(Problem description)
Whenever a picture appears in the listing below, leave it out, and copy exactly the lines from the one containing "LTO Tagalog non" through the end.

(The data)
#####

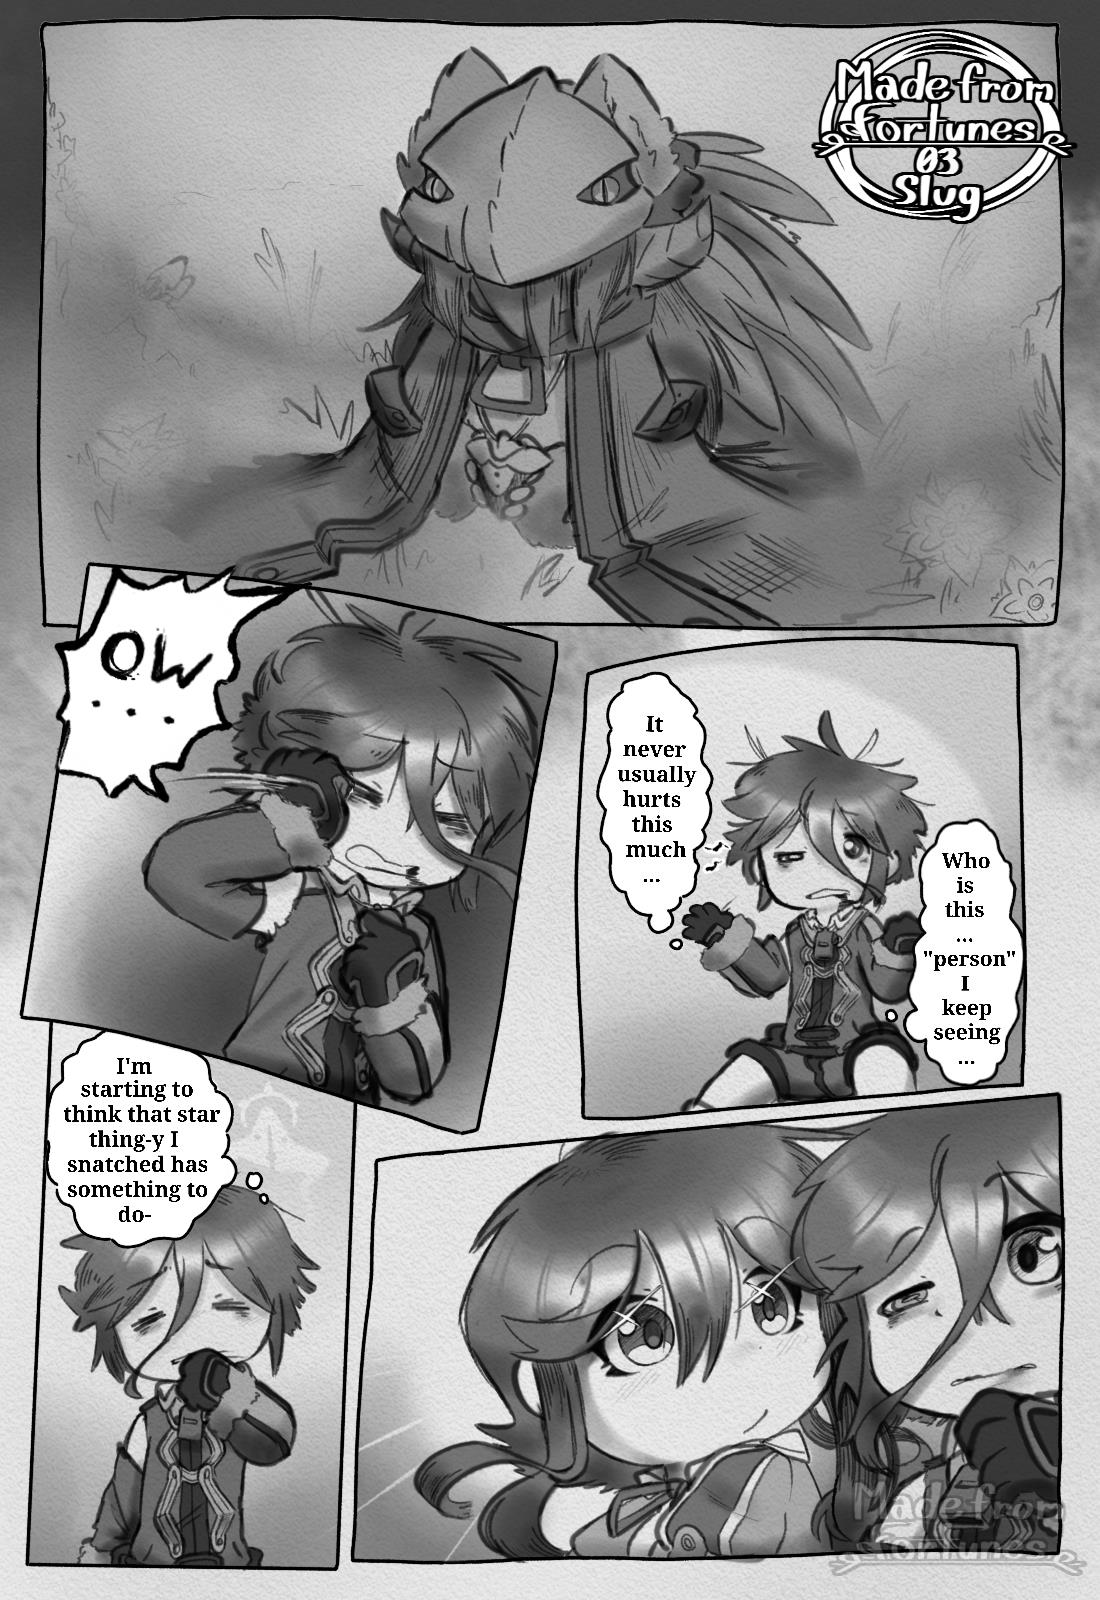 Made From Fortunes (Made In Abyss Fanmade Comic) Vol.1 Chapter 3: Slug - Picture 1
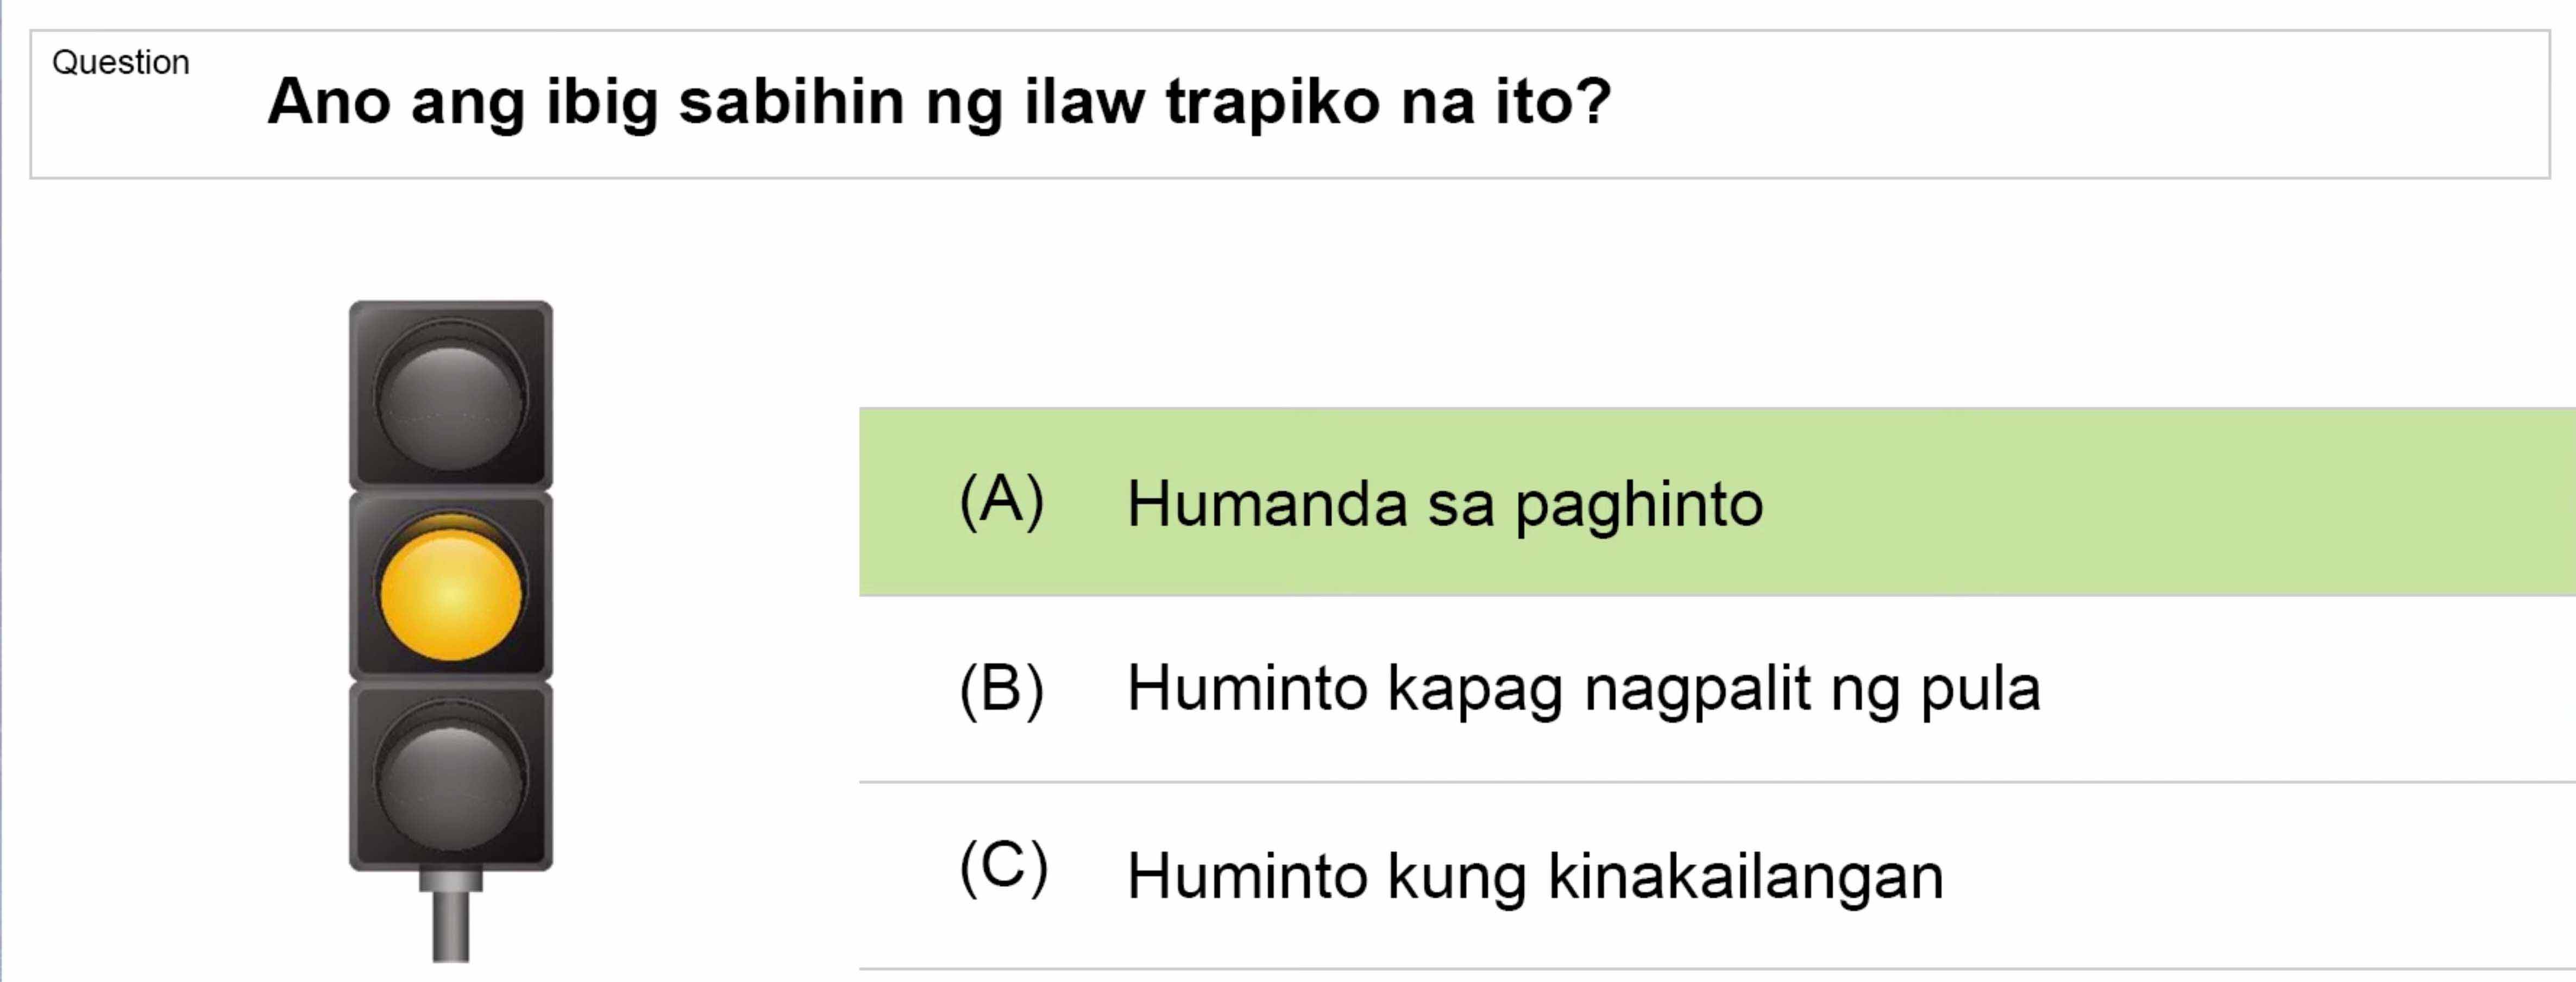 LTO Tagalog non professional exam reviewer motorcycle 1 (19)
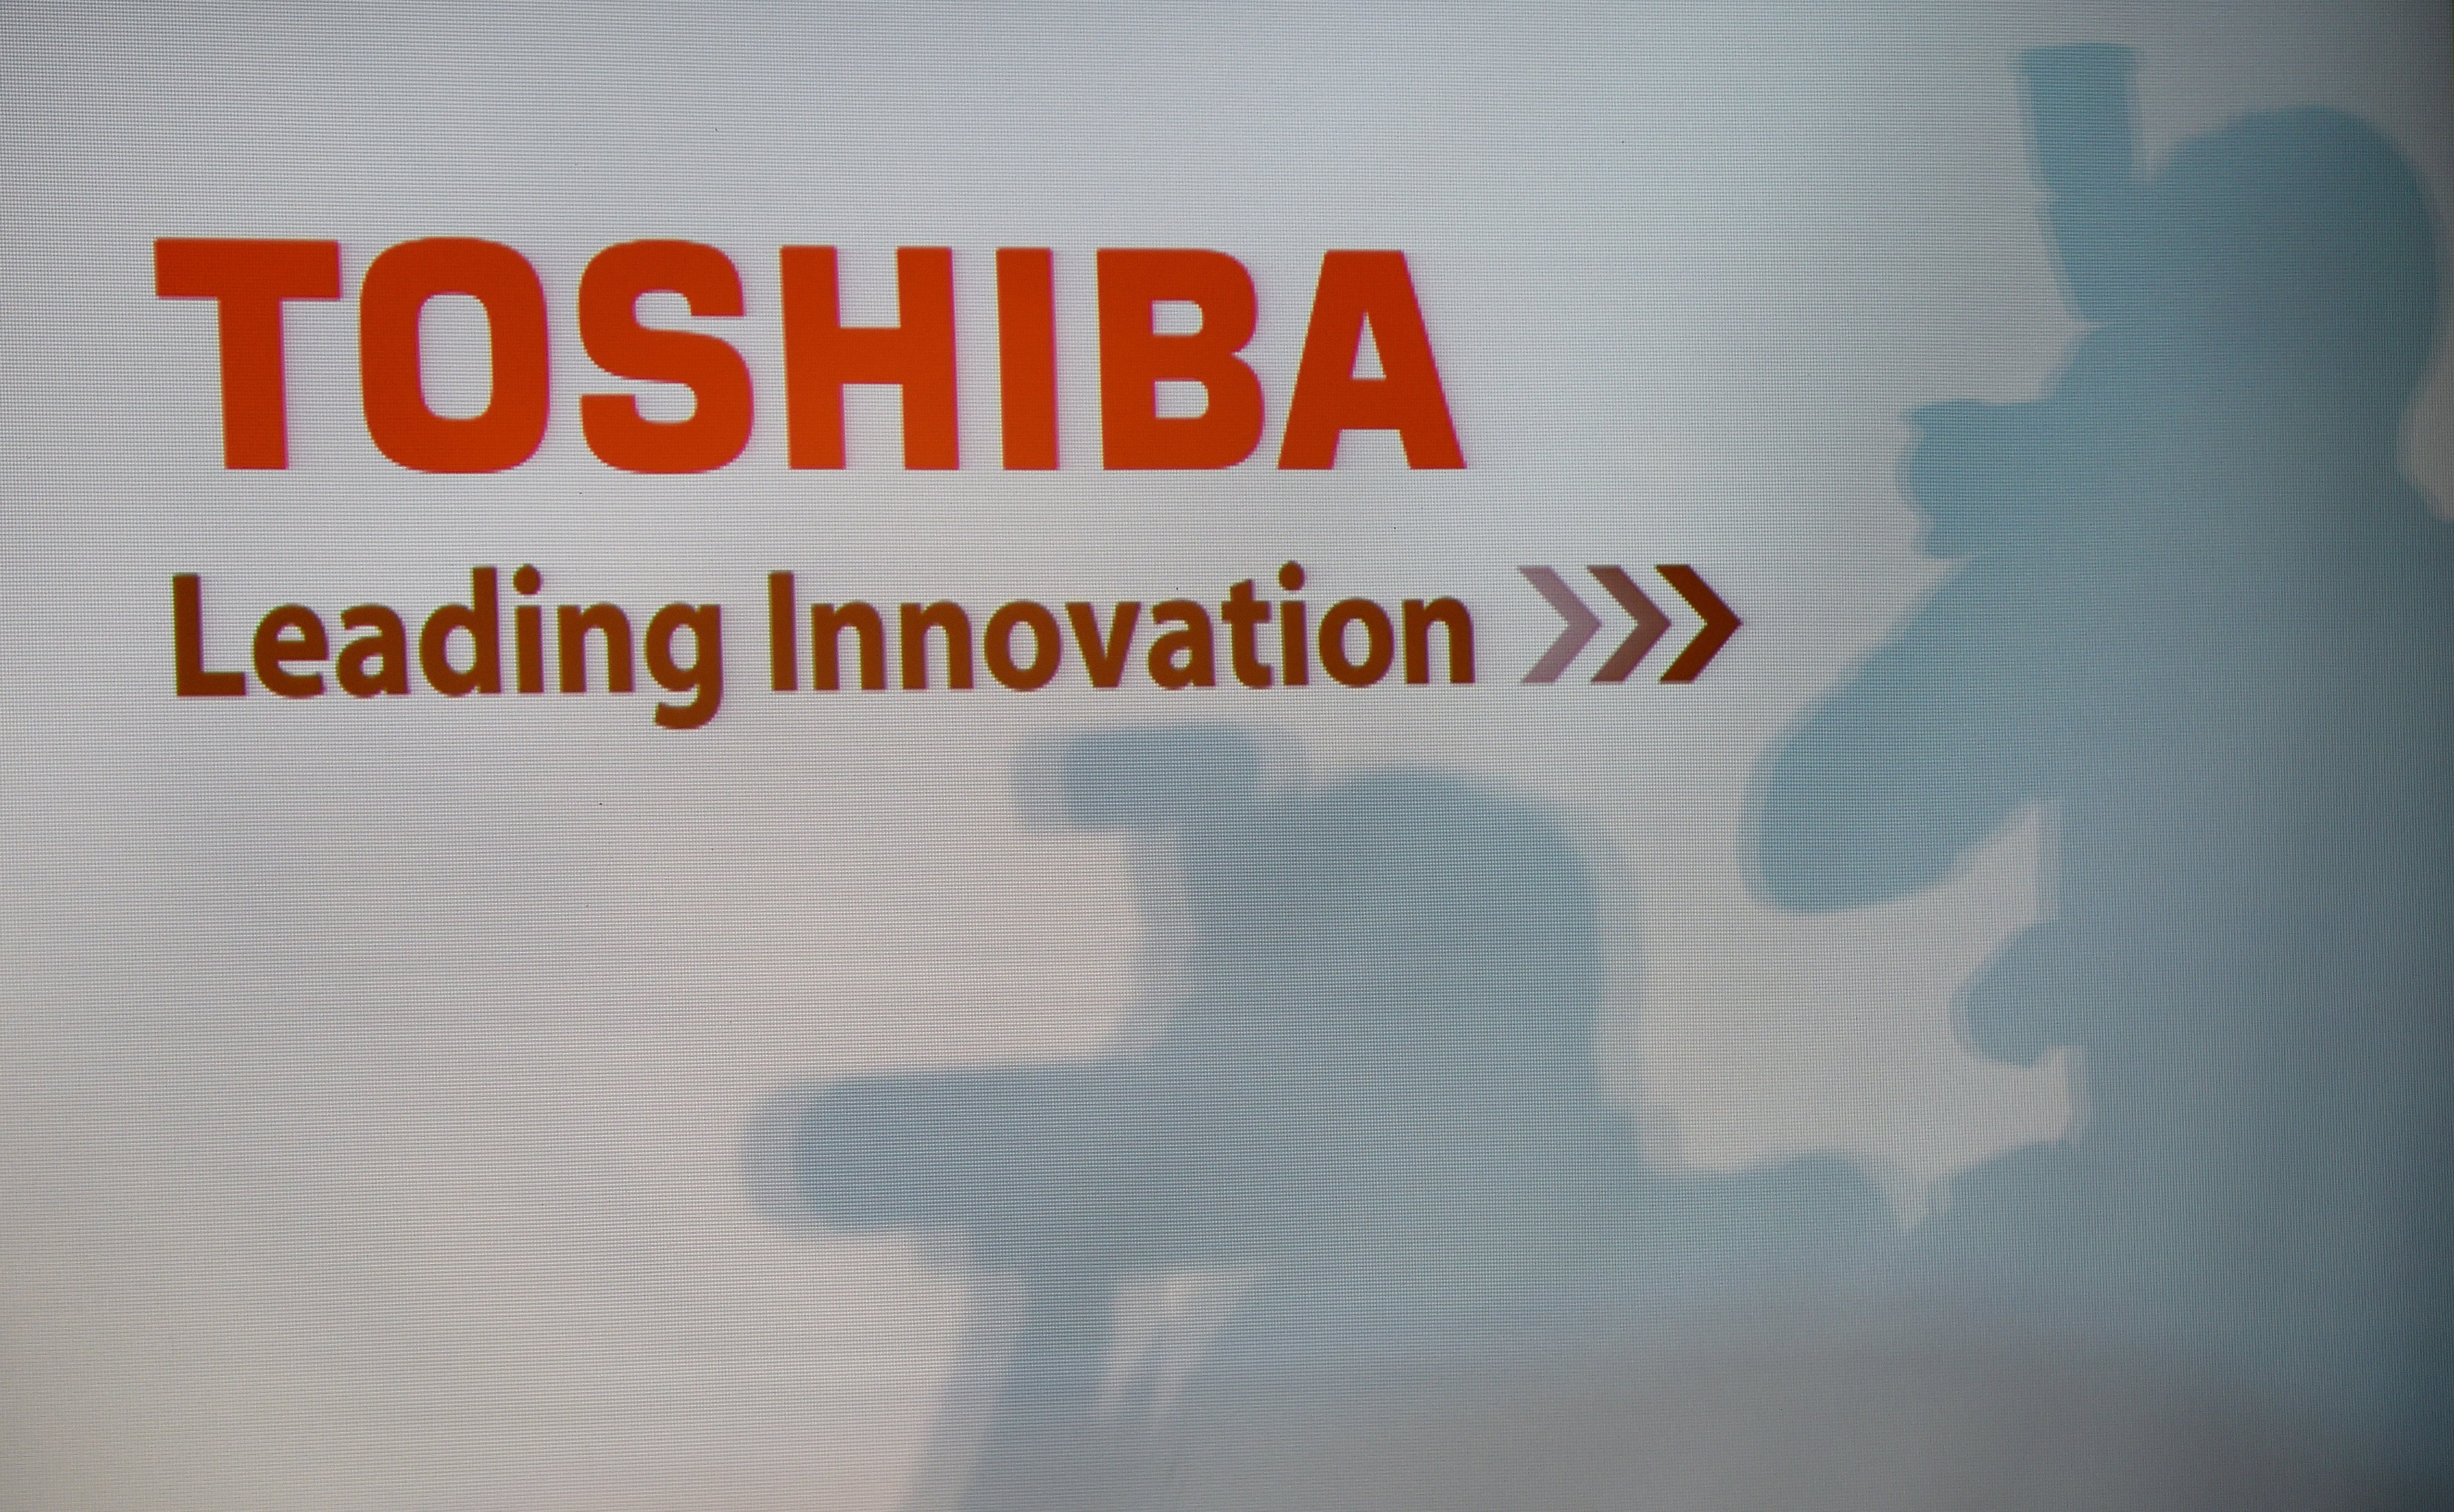 A Toshiba logo is seen during a press conference at their headquarters in Tokyo on December 21, 2015. Scandal-hit conglomerate Toshiba warned on December 21 it expects to post a record annual loss of 4.5 billion USD and slash thousands of jobs, as shares in the firm plunged nearly 10 percent.     AFP PHOTO / Toru YAMANAKA / AFP PHOTO / TORU YAMANAKA

#####

(Reply to the exercise)
 LTO Tagalog non professional exam reviewer motorcycle 1 (19)
 A Toshiba logo is seen during a press conference at their headquarters in Tokyo on December 21, 2015. Scandal-hit conglomerate Toshiba warned on December 21 it expects to post a record annual loss of 4.5 billion USD and slash thousands of jobs, as shares in the firm plunged nearly 10 percent.     AFP PHOTO / Toru YAMANAKA / AFP PHOTO / TORU YAMANAKA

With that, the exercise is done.